It is well known that in the presence of radiofrequency (RF) irradiation, spin magnetization has different relaxation properties from T1 and T2. In the rotating reference frame, the components of the magnetization parallel and perpendicular to the effective field have characteristic relaxation times T1ρ and T2ρ, respectively. Like T1, T1ρ varies, or disperses, with field strength because of energy exchange with the lattice. In MR imaging, T1ρ contrast is useful because only frequency components of the lattice that are equivalent to the amplitude of the RF field can cause relaxation in the rotating frame. These frequency components are typical of slow exchange, such as proton water exchange with hydroxyl and amide functional groups, slow rotation, static dipolar or quadrupolar interactions.

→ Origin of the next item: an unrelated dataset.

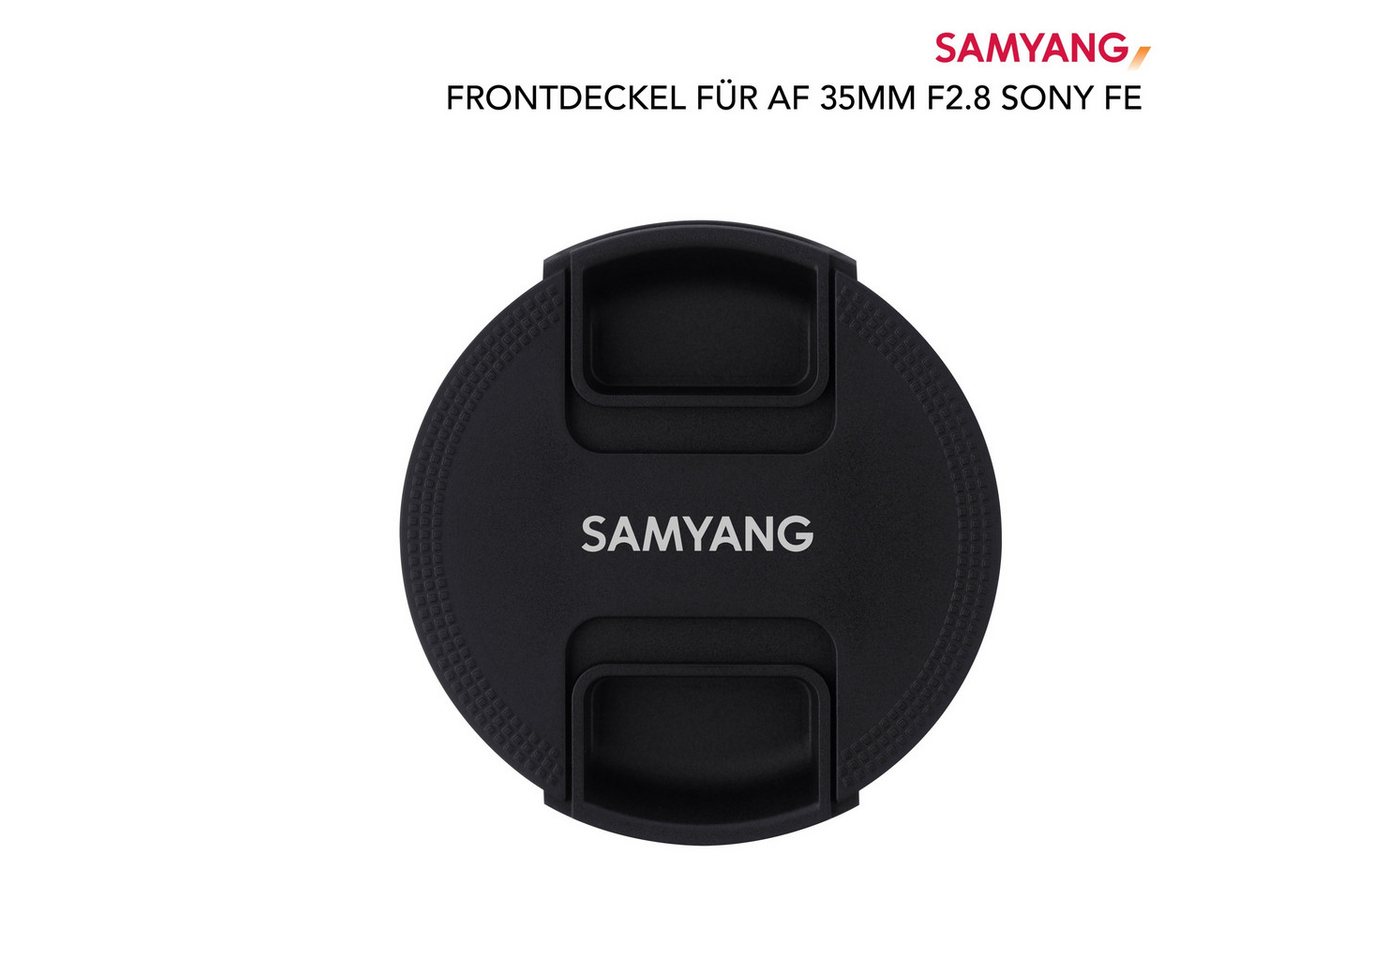 Samyang Frontdeckel für AF 35mm F2,8 Sony FE Objektivzubehör von Samyang

There are a great number of T1ρ pulse sequences for imaging that all require both magnetization preparation to sensitize the signal to relaxation and long delay times to restore equilibrium. This paradigm is inherently time inefficient. Instead, it might be desirable to continuously acquire the T1ρ-weighted signal in the steady-state. Certainly, a few T1ρ sequences employ very short delay times, and, therefore, a steady-state is formed (see Borthakur, et al., “Three-dimensional T1 rho-weighted MRI at 1.5 Tesla,” J. Magn. Reson. Imag. 2003, 17(6): 730-736). This technique is rarely used in practice because of the significant signal loss incurred when equilibrium is not fully restored and, because of specific absorption rate (SAR) constraints, the minimum scan time is usually much greater than a magnetization prepared multi-acquisition scheme that allows full recovery of longitudinal magnetization.
Steady-states in MRI are ubiquitous. Likely the most well known steady-state contrast is the short TR, low flip angle, spoiled gradient echo, which produces T1 contrast. Equally well known is the short TR balanced steady-state free precession (bSSFP) sequence, which produces a T2/T1 contrast. Unfortunately, it is not clear how to establish a steady-state T1ρ contrast with significant signal, since, on-resonance, the rotating frame thermal polarization is nearly zero with RF fields appropriate for clinical use. On the other hand, the steady-state of an off-resonance spin lock can be significant, but the problem remains to deliver an off-resonance spin locking RF pulse train interrupted briefly for a short period of data acquisition.